ANCO MÁRCIO - É importante observar que esse reinventar da língua na nossa música está restrita a alguns compositores, particularmente aqueles que surgiram nos anos 1960, influenciados pela literatura mais transgressora — a exemplo de Guimarães Rosa — e das vanguardas da época: Concretismo, Poesia-Praxis e Poesia Processo. Não só: muito desses compositores que buscam criar neologismos em nossa música se inscrevem no Movimento Tropicalista: Caetano Veloso, Gilberto Gil, Capinam, Jads Macalé etc. No entanto, não podemos esquecer que já nos anos 1920 nós tínhamos compositores, a exemplo de Noel Rosa, Ismael Silva, Lamartine Babo e Nelson Ferreira, que se não fazem uso do neologismo, levaram, por sua vez, a crônica cotidiana e a coloquialidade à música brasileira. Ou seja, saem aquelas letras de viés romântico, de vocabulário muitas vezes pomposo, e entra o português da rua, pedestre. Isso mostra que aqueles compositores não só renovaram a linguagem da música brasileira, mas também a sua sintaxe, em perfeita sintonia com a renovação porque passava a literatura brasileira da época.

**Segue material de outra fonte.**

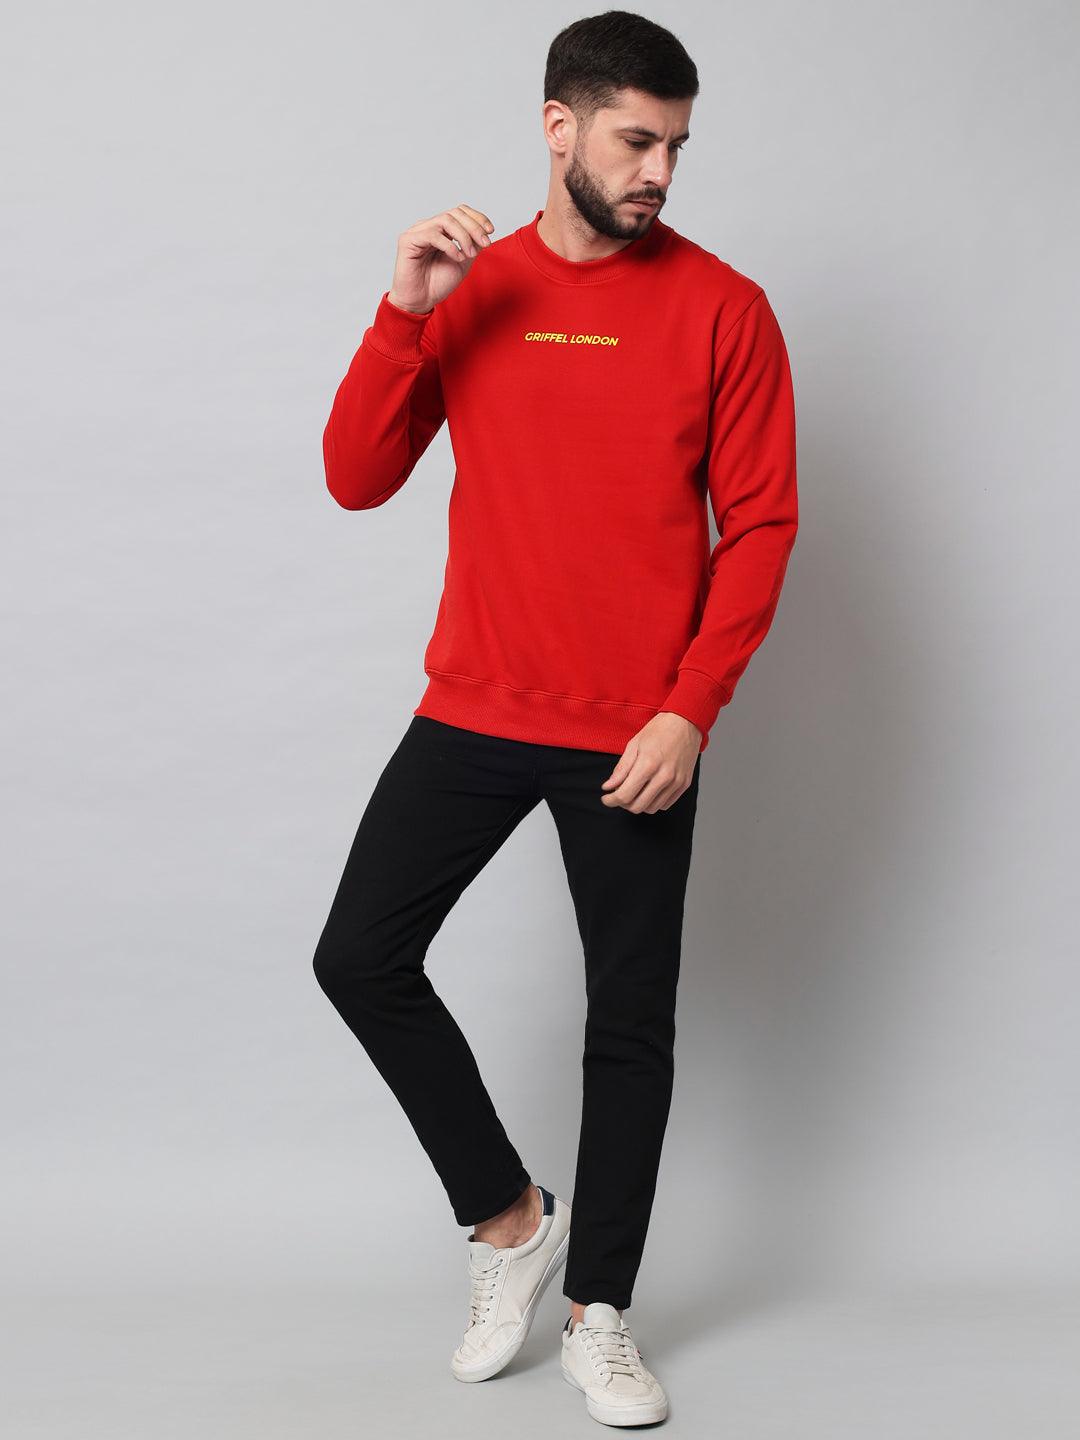 Griffel Men's Cotton Fleece Round Neck Red Sweatshirt with Full Sleeve and Front Logo Print - griffel
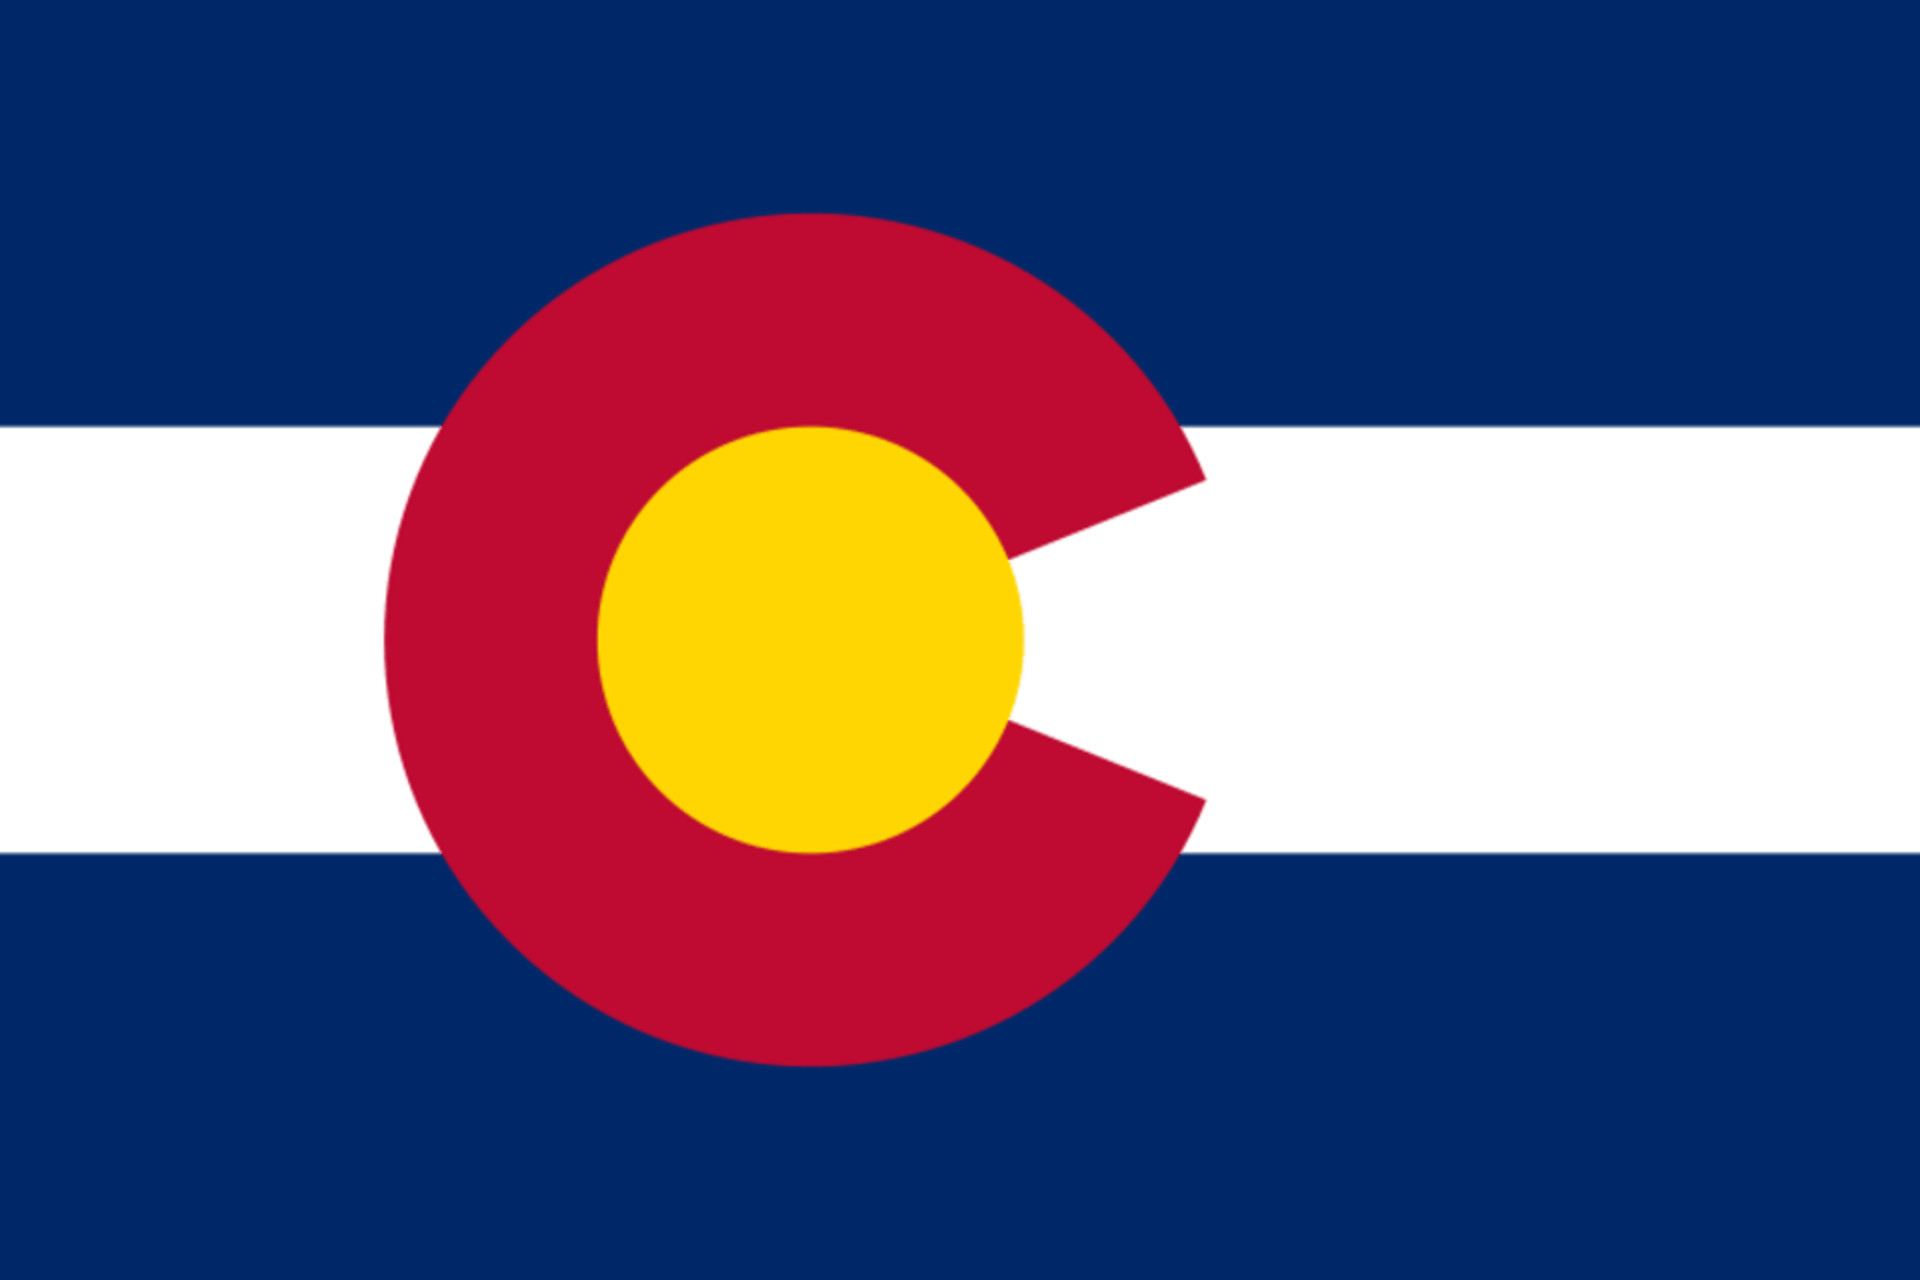 1920x1280 Colorado State Flag Wallpaper Colorado State Flag Wallpapers | All ..

JC - Em que medida os neologismos de Caetano oxigenam a língua portuguesa?
AC - Na medida em que ele não nasce como um mero maneirismo (o neologismo pelo neologismo), mas como uma tentativa de traduzir uma dada realidade que as palavras existentes na língua não dão conta de tal empreitada. Por exemplo, “caetanear” (referência ao neologismo usado por Djavan na canção Sina, de sua autoria), como sinonímia de ver o mundo a partir da ótica e do universo criado pelo compositor. E entre os signos que formam este universo, temos a palavra “odara”, que apesar de ser uma palavra de origem hindu, que quer dizer paz, tranquilidade, traduzia muito bem o espírito da época e a mensagem que Caetano queria passar naquele momento de desbunde. Ou seja, a “paz” e a “tranquilidade” evocada pela palavra hindu termina por ser alargada na língua portuguesa, pois odara vai muito além de ser apenas um estado de paz e de tranquilidade. Aqui, odara termina por encerrar um estado do ser, de se colocar e de ver o mundo, de quase transcendência com o modo de vida da sociedade burguesa, citadina e industrial. Não podemos esquecer também que uma palavra nova ou um neologismo em uma letra de música tem uma força e uma propagação que muitas vezes ela não tem na literatura. Seja porque a música atinge muito mais pessoas do que a literatura (no caso do Brasil), seja porque a palavra vem envolta em uma melodia, que facilita a nossa memorização.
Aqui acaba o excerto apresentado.